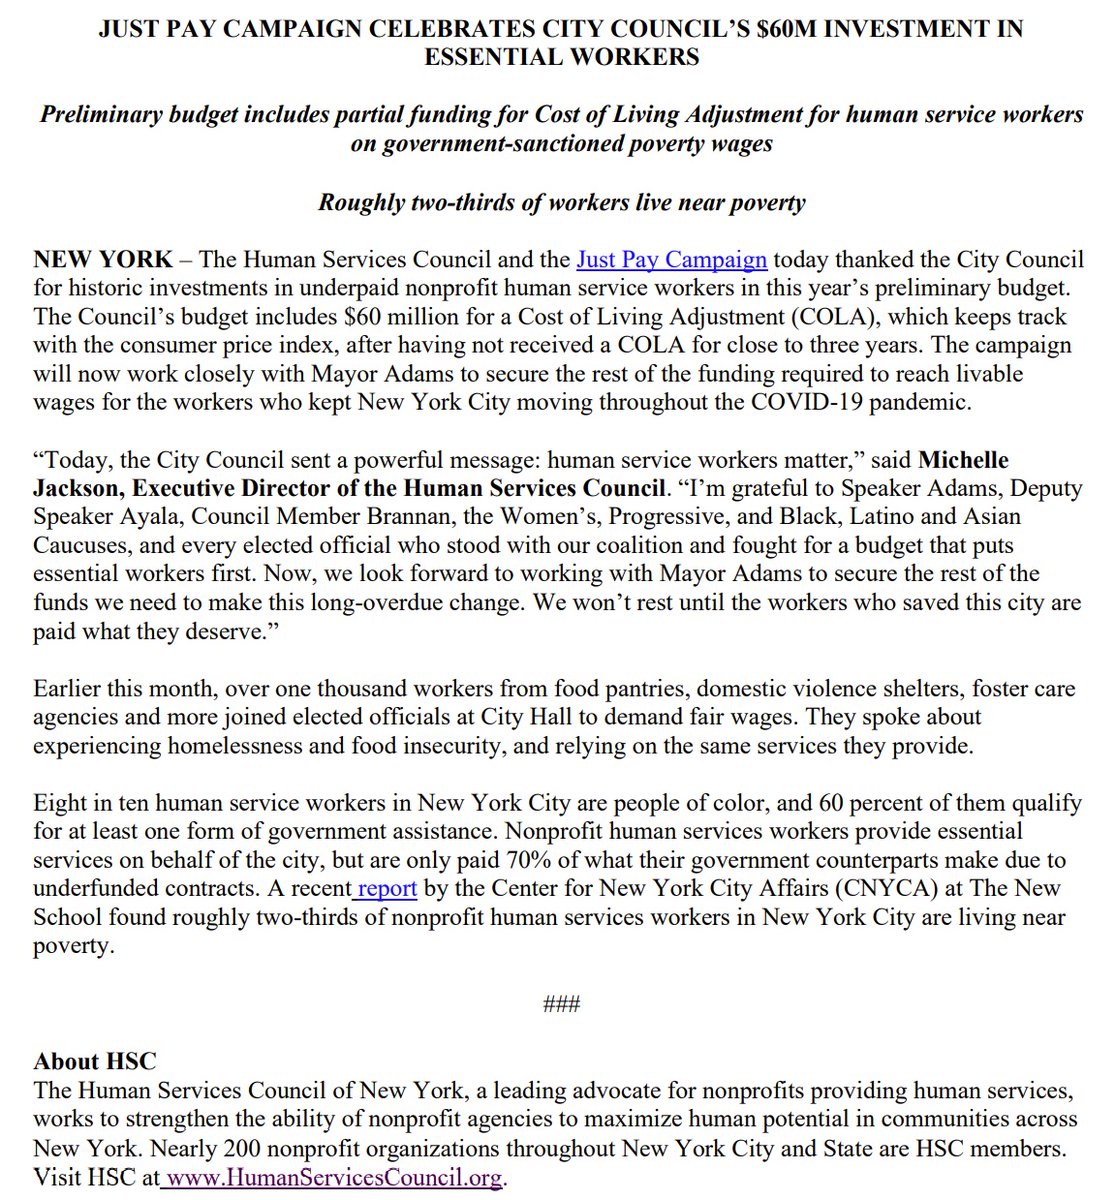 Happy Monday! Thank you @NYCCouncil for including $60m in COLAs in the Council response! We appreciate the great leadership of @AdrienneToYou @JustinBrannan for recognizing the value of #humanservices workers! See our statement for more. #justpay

___

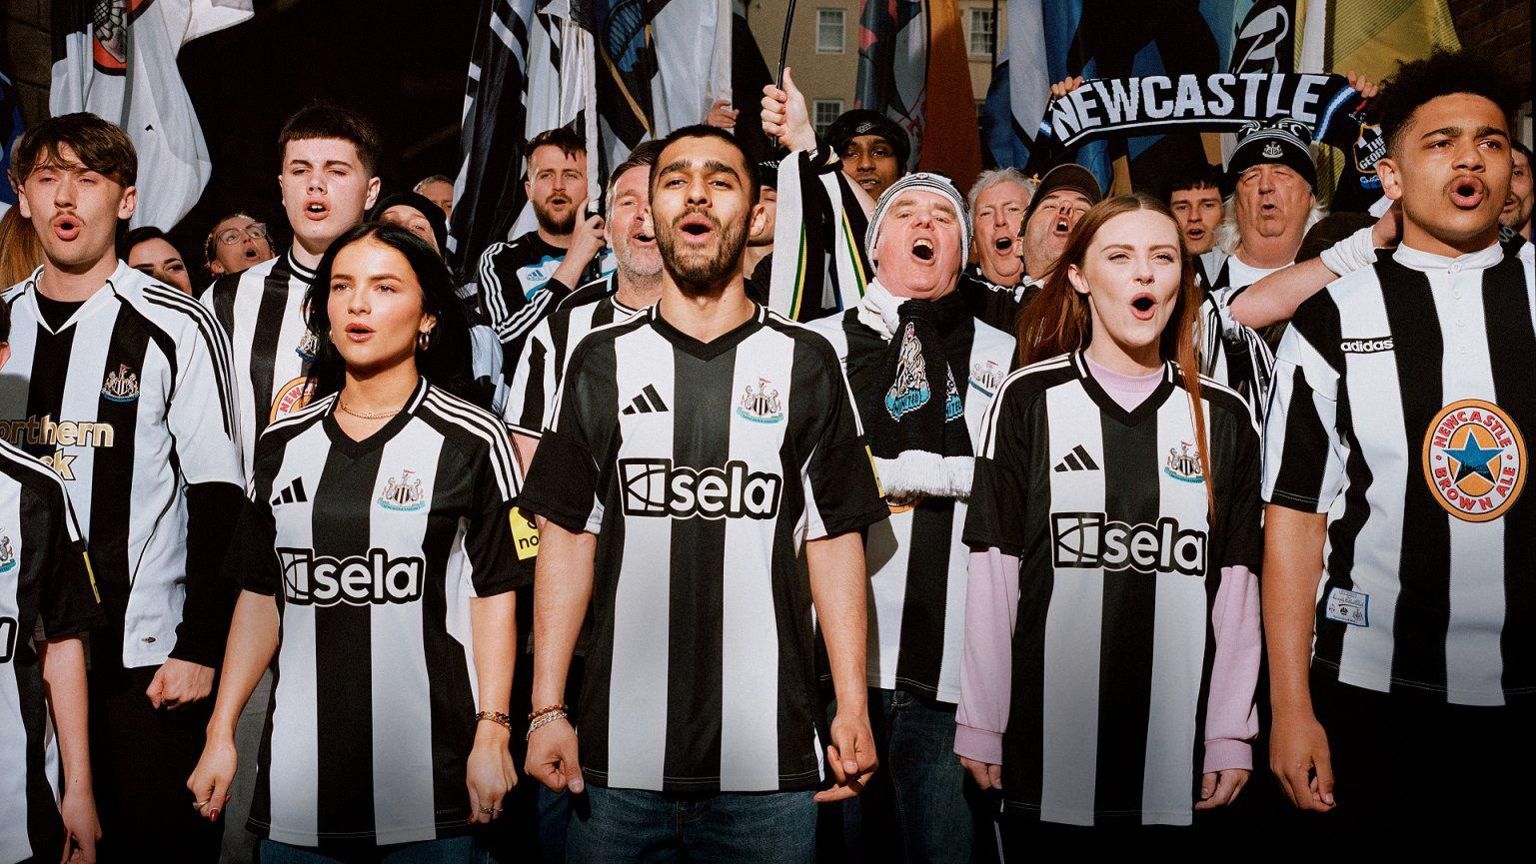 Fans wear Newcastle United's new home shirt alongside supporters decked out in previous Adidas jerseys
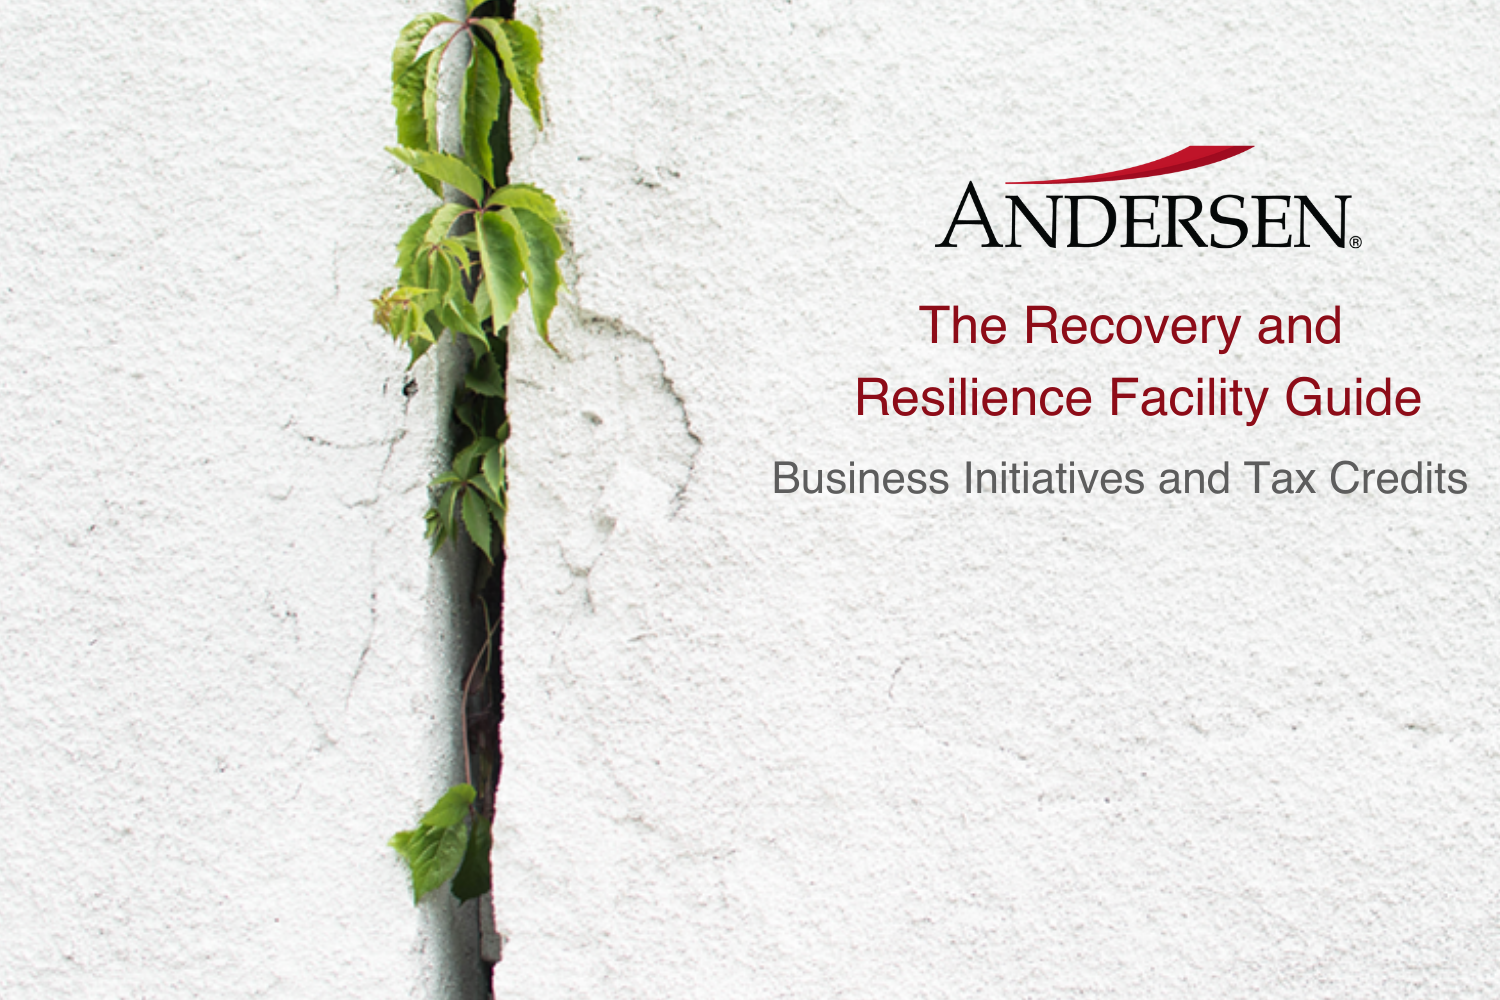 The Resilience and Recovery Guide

___

An exact copy of the lines above from the one with "Fans wear Newcastle" up to and including the one with "The Resilience and Recovery Guide" is required; reproduce only those lines, omitting all pictures.

 Fans wear Newcastle United's new home shirt alongside supporters decked out in previous Adidas jerseys
 The Resilience and Recovery Guide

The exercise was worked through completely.